I hate it so much, that I choose to challenge the way we’ve done things in our society.  Historically, we have fought wars to manage problems.   We have chosen a very stereotypical masculine way to address conflict.  With force and division and might and colonialism and torture and death.  Instead of unification and communication and art and growth and compassion.  And every time I’ve disagreed with a vet on a thread, and he starts to spout out choruses of, “You snowflake cunt!”, I feel heartbroken underneath layers of pride.  Why?  Because I know the anger is a mask he’s been taught to wear to survive.   Or he’s the victim of a traumatic brain injury.   And it’s such a goddamn tragedy.

And I know it’s not simple, and I don’t have an immediate solution.

I still think the masculine system is bullshit, though.

I hate that you aren’t protected.  That your healthcare sucks and you feel invisible.  Undervalued.

Sort of like people of color.

You see, I see people of color too.  I see that they are killed by our police and they do not get justice.  I see biracial couples are still thought of as “different” in people’s minds.  I see my best friend feeling as if she can’t be as angry as a white male because then she’ll be stereotyped as an “angry black girl”.  I see thousands of white people not willing to have a conversation about two generations before who lynched people of color because they are plainly lazy.  I see that they are seen as the “token black friend” by their white counterparts.  I see the white wives, who so quickly rush to defend their policeman or navy husband, think not a thought about Philando Castile’s black daughter, who witnessed her father being shot multiple times.  Even though their grandchild is a quarter black, they remain silent.  I see it.

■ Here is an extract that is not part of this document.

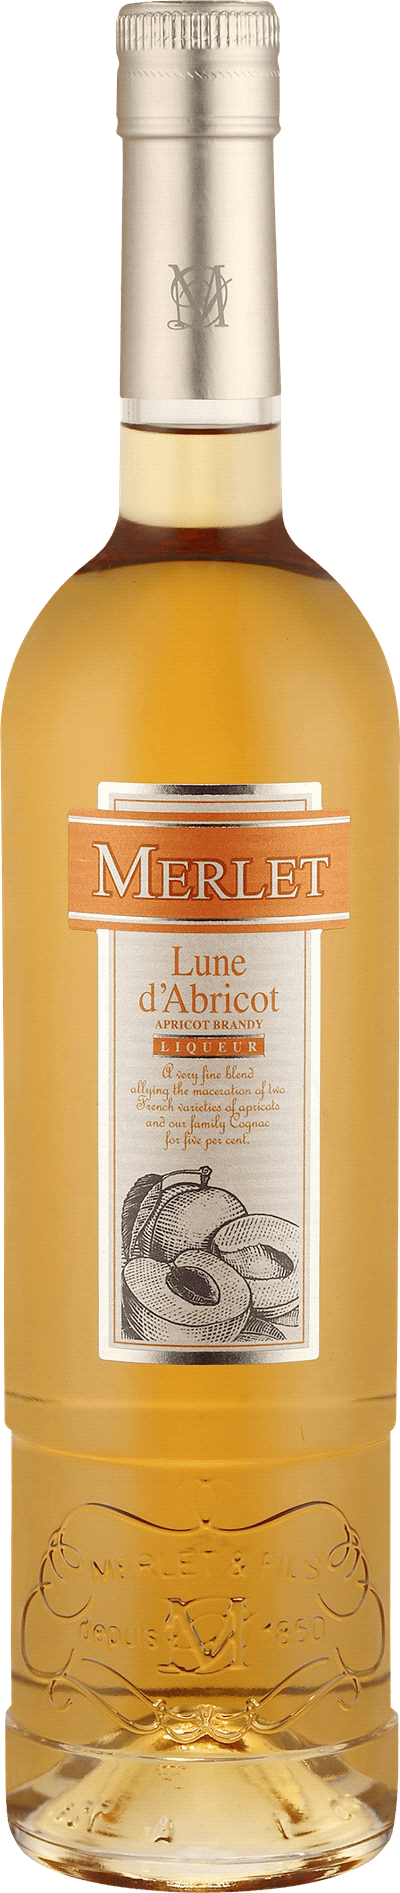 Merlet Apricot Brandy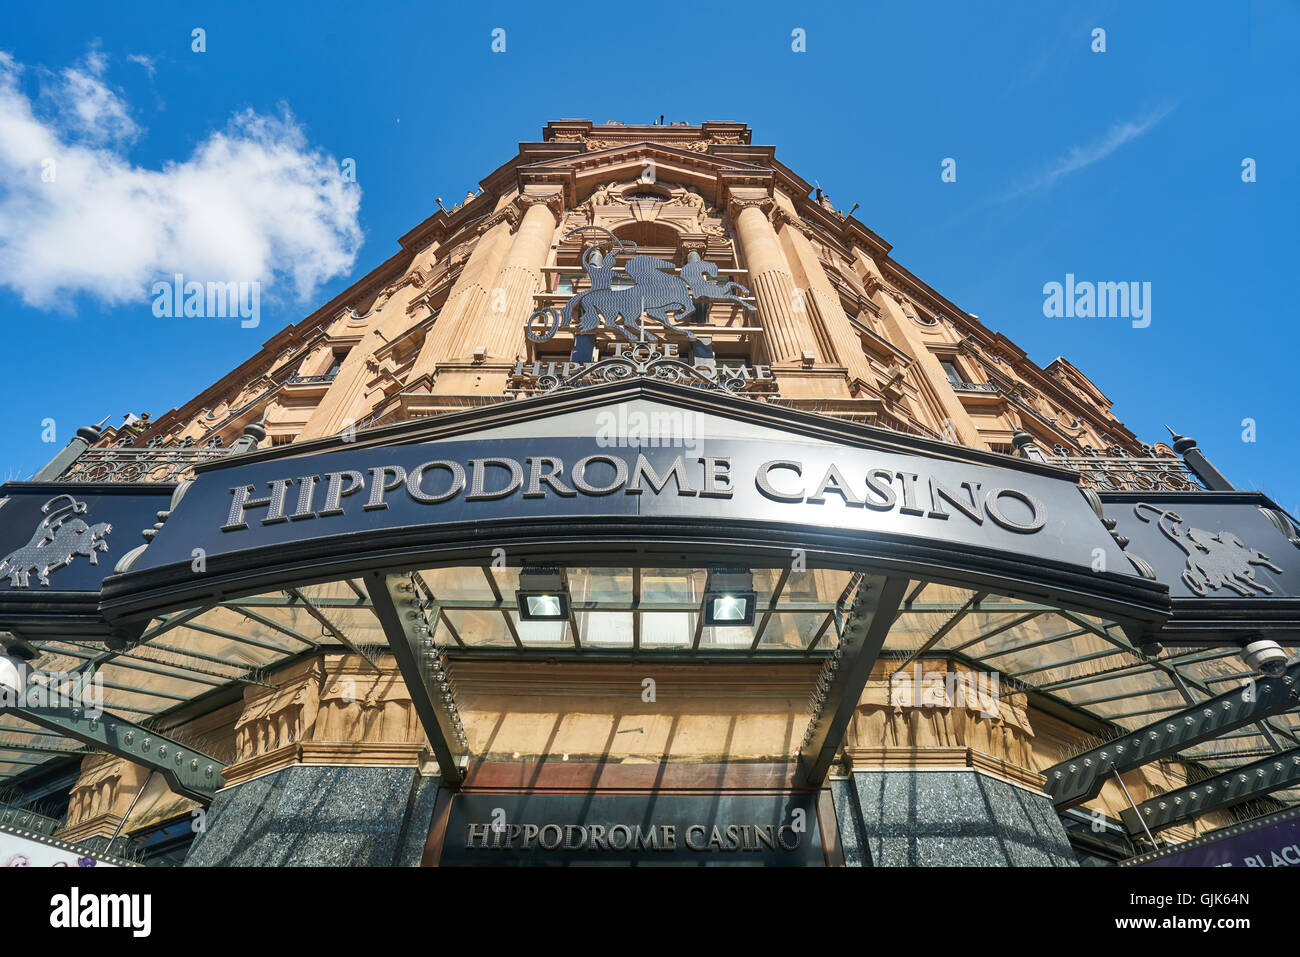 Hippodrome Casino, london Stock Photo

And as a mental health counselor, I know this: that there is enough love and compassion to go around.  That it isn’t limited or afforded to one kind of group or people.  That there’s space for everyone’s pain.  Not just yours because you grew up poor, or yours because you were physically abused as a child.  There is space for EVERYONE’S.  And more importantly, I know that one kind of pain doesn’t trump another’s.  Being gang-raped is about as fucking awful as watching your best friend die in battle.

Another thing I know from being a mental health counselor is that people tend to make martyrs out of people.  And this is not helpful, especially when people have choice.  And what I mean by that is:

Veterans today have a choice to be in service or not.  People do NOT have a choice over what skin color they get.

So when you tell me taking a knee is disrespecting the flag, or that they should have used a different time to do it, I know that’s not true.  I know that in some cases, it’s pure racism.  I know that it’s mental laziness.  I know that it’s emotions swaying you.  I I know it’s possible to both honor those who fell, and let people of color exercise all rights of the constitution.  At the same time.

So many people used the Constitution to argue that you can’t pick and choose free speech, but I choose emotions.  Politics is PERSONAL, and FEELINGS, and PEOPLE, whether you choose to see the walls you’ve built up between them or not.

And us white people?  We’re a fairly emotionally and mentally lazy lot.